Revision as of 19:18, 16 October 2018

MOLECULAR MODELLING


Why do we want to model our platform?


Our new molecular binding platform contains three binding sites: Streptavidin (mSA2), a Carbohydrate Binding Module (CBM3a) and an unnatural amino acid, azidophenylanine (AzF). These “heads” of our Cerberus are connected by flexible regions, composed of 30-50 amino acids each. These regions called linkers are described in the literature to be highly flexible and as disordered regions 1 2.

A schematic representation of our system

Figure 1: General design of our Cerberus protein

For more information about our platform, visit the Description or Design pages.

As our linkers between domains are so flexible, it was possible that the CBM3a and mSA2 heads could be brought into contact. Interactions between the different molecular components of the platform could disturb its capacities to bind the target ligands. Their tertiary structures could also not be stable in the overall macromolecular assembly. In order to try to answer to all these questions, we implemented multi-step and multi-level molecular modeling strategy.

First, we built a 3D structure model of our binding platform and we assessed its stability over time. We also evaluated the distance between the different domains and its variations, which provide information about the size of the ligands that can be bound to the platform. We studied the interaction of our binding platform with target ligands. Especially, large-scale conformational sampling and exploration methods were used to assess the conformational rearrangements of these 3D structure models (the binding platform, either free or in interaction with the target ligands) over time, hopefully maintaining their binding capacities.

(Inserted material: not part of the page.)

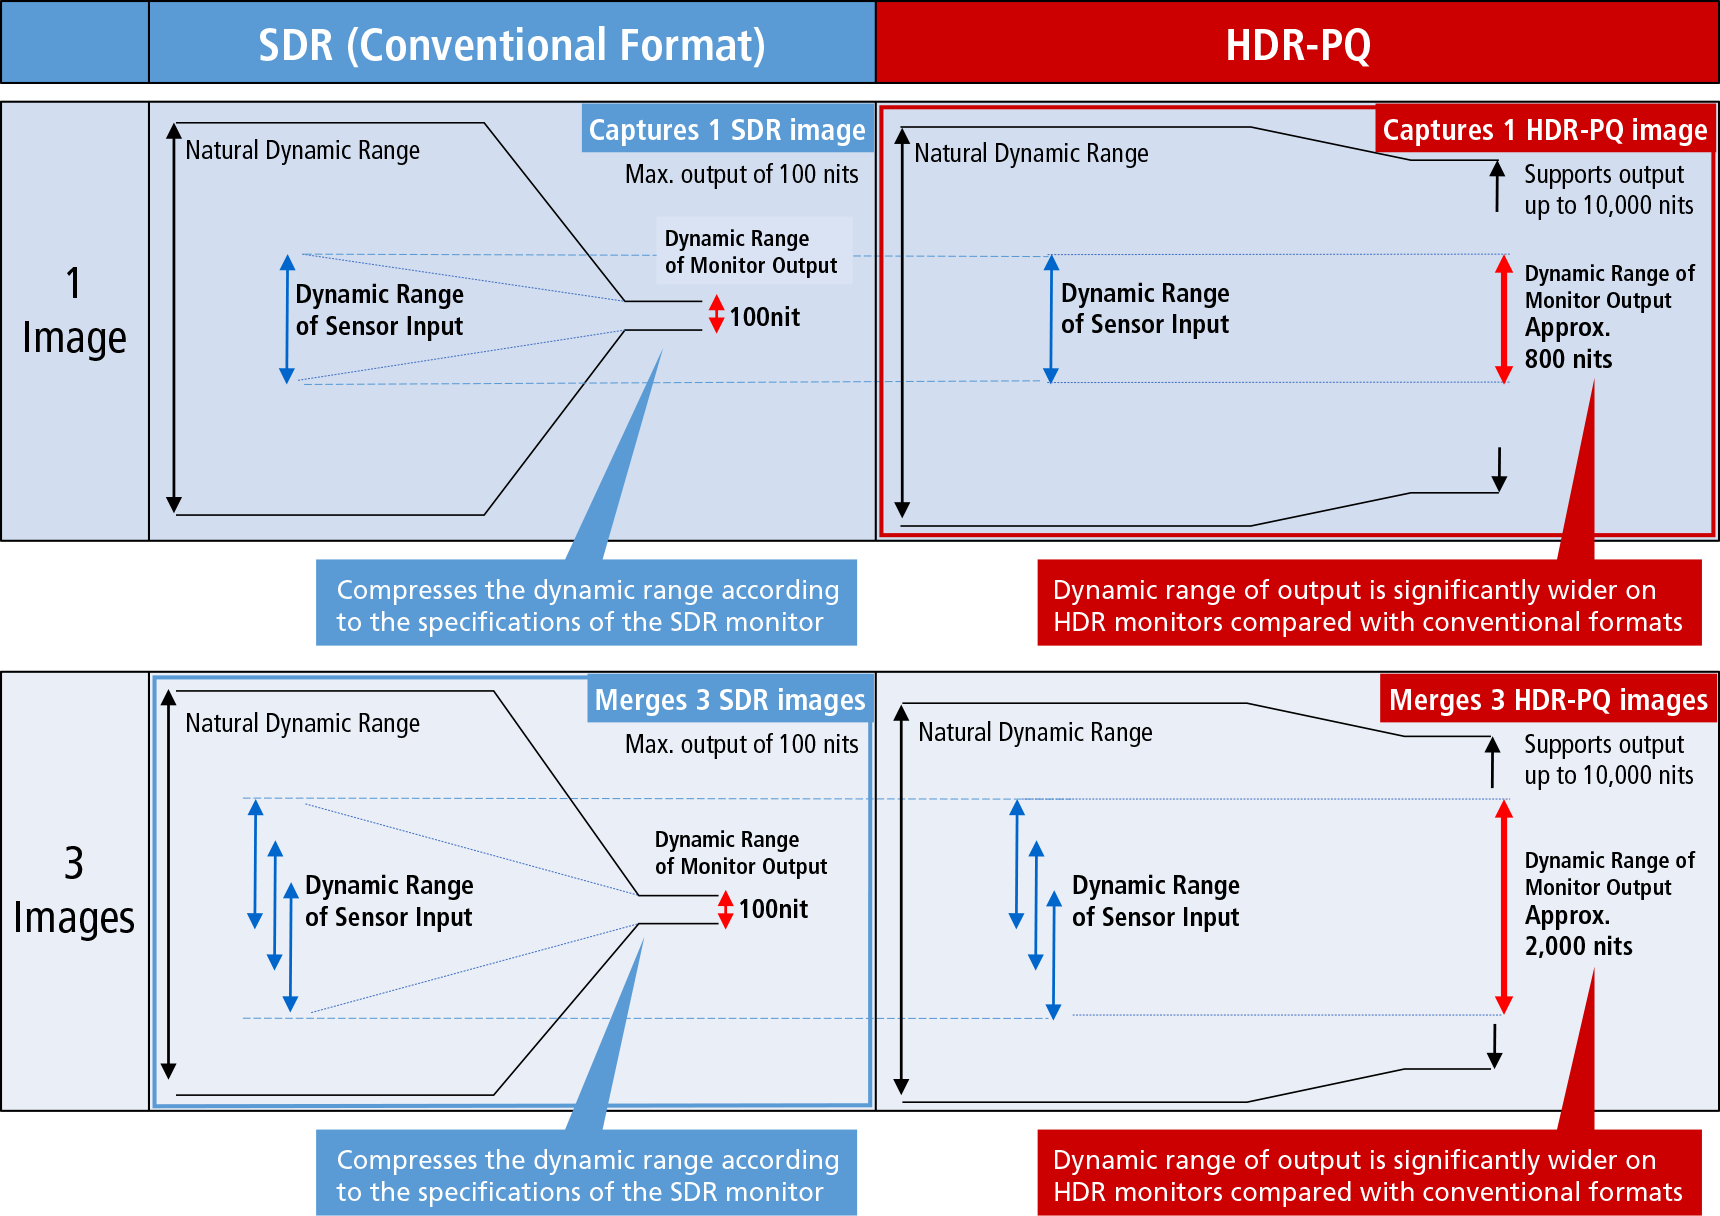 Comparison of SDR and HDR-PQ

On this wiki page, we detail the different steps of our molecular modeling strategy and our thought process behind the solutions that we chose to use.

Strategy

To face all these challenges, we conceived a multi-level and multi-step molecular modelling workflow. Here is a graphical summary of this workflow:

workflow sketch

Figure 2: Workflow of our molecular modelling approach

References

  1. Gunnoo et al., Nanoscale Engineering of Designer Cellulosomes, 2016
  2. E. Morag et al., Structure of a family 3a carbohydrate-binding module from the cellulosomal scaffoldin CipA of Clostridium thermocellum with flanking linkers: implications for cellulosome structure, 2013

Material and Methods


Available X-ray data

3D structures of the CBM3a and mSA2 protein domains are available on the Protein Data Bank (PDB). We chose to use 4JO5 2 and 4JNJ 3, both solved by X-ray cristallography, with a resolution of 1.98 and 1.90 Å respectively.

After obtaining these files, we faced two problems. First, the linkers connecting our heads had never been resolved by biophysics methods, due to their flexibility and length. Secondly, azidophenylalanine (AzF) had never been modelled, in its native state or covalently bonded to another molecule. This process will be detailed further on in this page.

3D structure prediction

This did however present a complex challenge for the prediction methods used. Our protein is 366 amino acids in length, containing two protein domains structurally organised in protein secondary structures (CBM, mSA2) and two peptide linkers, one connecting the CBM and SAv and the other one free on the C-terminus of the protein. The linkers are known in the literature to be highly flexible 1 2> and as Intrinsically Disordered Regions (or IDRs) and therefore their structures have never been successfully resolved by biophysics methods.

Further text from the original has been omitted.